What shutter speed were you using on the flight of three P-51's and the
jet ? Man... you stopped their props !!

Charles


----------



## evangilder (Aug 11, 2007)

That's Jim's shot, not mine. I did stop the prop on the Seafury though. I think that was about 1/1200 of a second. That was earlier last season, when I was shooting with some different settings.


----------



## Njaco (Aug 11, 2007)

Those shots with the P-51 are similar to what was at Millville this year. Please excuse the $3 K-Mart camera.


----------



## Glider (Aug 12, 2007)

Bf109_g said:


> Really liked the pic of that model Hercules, Evanglider.



Thanks


----------



## grumman-cats (Aug 12, 2007)

ccheese said:


> Eric:
> 
> What shutter speed were you using on the flight of three P-51's and the
> jet ? Man... you stopped their props !!
> ...



I actually don't know what speed I was on. I was using the sports setting to shoot mutiple shots as they flew by. I have a 2X teleconverter so I have to focus by hand with it so I like to take many shots of the pass so I can keep the ones in focus. What I need is a more powerful lens. My 300 just isn't enough hence the use of the teleconverter.


----------



## pbfoot (Aug 12, 2007)

well I tried today at the Rhunder of Niagara 2007 and got colour but was fighting the noon sun another failure


----------



## grumman-cats (Aug 18, 2007)

Here's another shot of the eagle mustang flyby. I'm trying to clean up my images for a better presentation.


----------



## Aussie1001 (Aug 18, 2007)

fellas they are some seriously good shots. Very nice. Thanks and well done !!


----------



## comiso90 (Aug 18, 2007)

trackend said:


> nice shots fellas



An olive drab B17 still flying....!
cool. I thought they were all metalic..

.


----------



## grumman-cats (Feb 22, 2008)

So is there anyone else out there that has some good heritage/legacy flight shots that they would like to share. It seems that the general public really gets excited when they perform these flights.


----------



## evangilder (Feb 22, 2008)

I'll have some more coming up in the next few weeks and months. Riverside will have a P-51 and A-10 Heritage flight. They don't have any Legacy flights on the schedule, nor any F-18s this year, sadly. 
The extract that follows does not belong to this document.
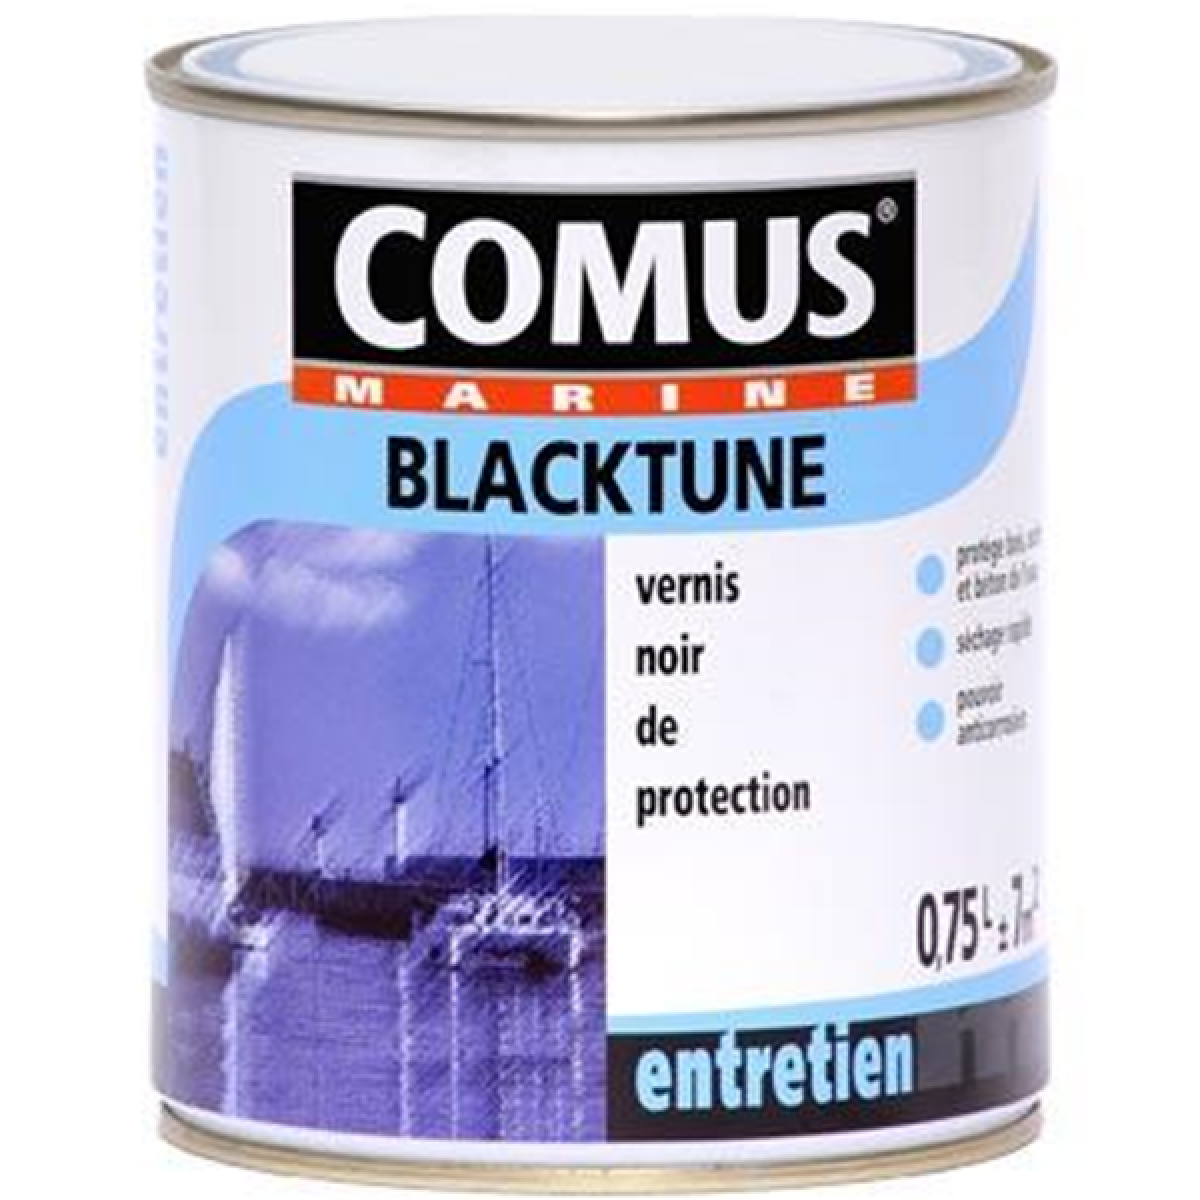 Comus - BLACKTUNE 0,75L - Vernis de protection noir bitumeux à base de brai de pétrole - COMUS MARINE - Peinture extérieure

One day I would love to see a C-17 and C-47 heritage flight. That would be really cool.


----------



## plan_D (Feb 22, 2008)

Both B-17s in Europe are olive drab, Comiso. Isn't it amazing how much larger fighter aircraft have become over the past 60 years.


----------



## DBII (Feb 22, 2008)

Nice pictures guys. Pbfoot, looks like you get the same weather I do at airshows. I am at work. I will try and post some over the weekend. I have several. I am still waiting for a shot with a P-51, F-86, F-4 and F-15.

DBII


----------



## ThunderThud (Feb 24, 2008)

Here are a couple i took at Jones Beach airshow!Now look carfully at the picture as you will see 4 F-18's right ubove the honey in the swim suit!
then below are some i did not take but are great all the same.


----------



## syscom3 (Feb 25, 2008)

Heres mine.


----------



## Heinz (Feb 25, 2008)

Great shots Syscom3!

I love the RAN Fury on page 1 too evan


----------



## evangilder (Feb 25, 2008)

Cheers Heinz. The guy that flies that Seafury is a real character.


----------



## DBII (Feb 25, 2008)

nice 

dbII


----------



## DBII (Mar 1, 2008)

These are the only shots I have on CD. 

DBII


----------



## evangilder (Mar 1, 2008)

nice.


----------



## Njaco (Mar 5, 2008)

Nice shots everybody! Thunder I really like the Statue of Liberty pics!!


----------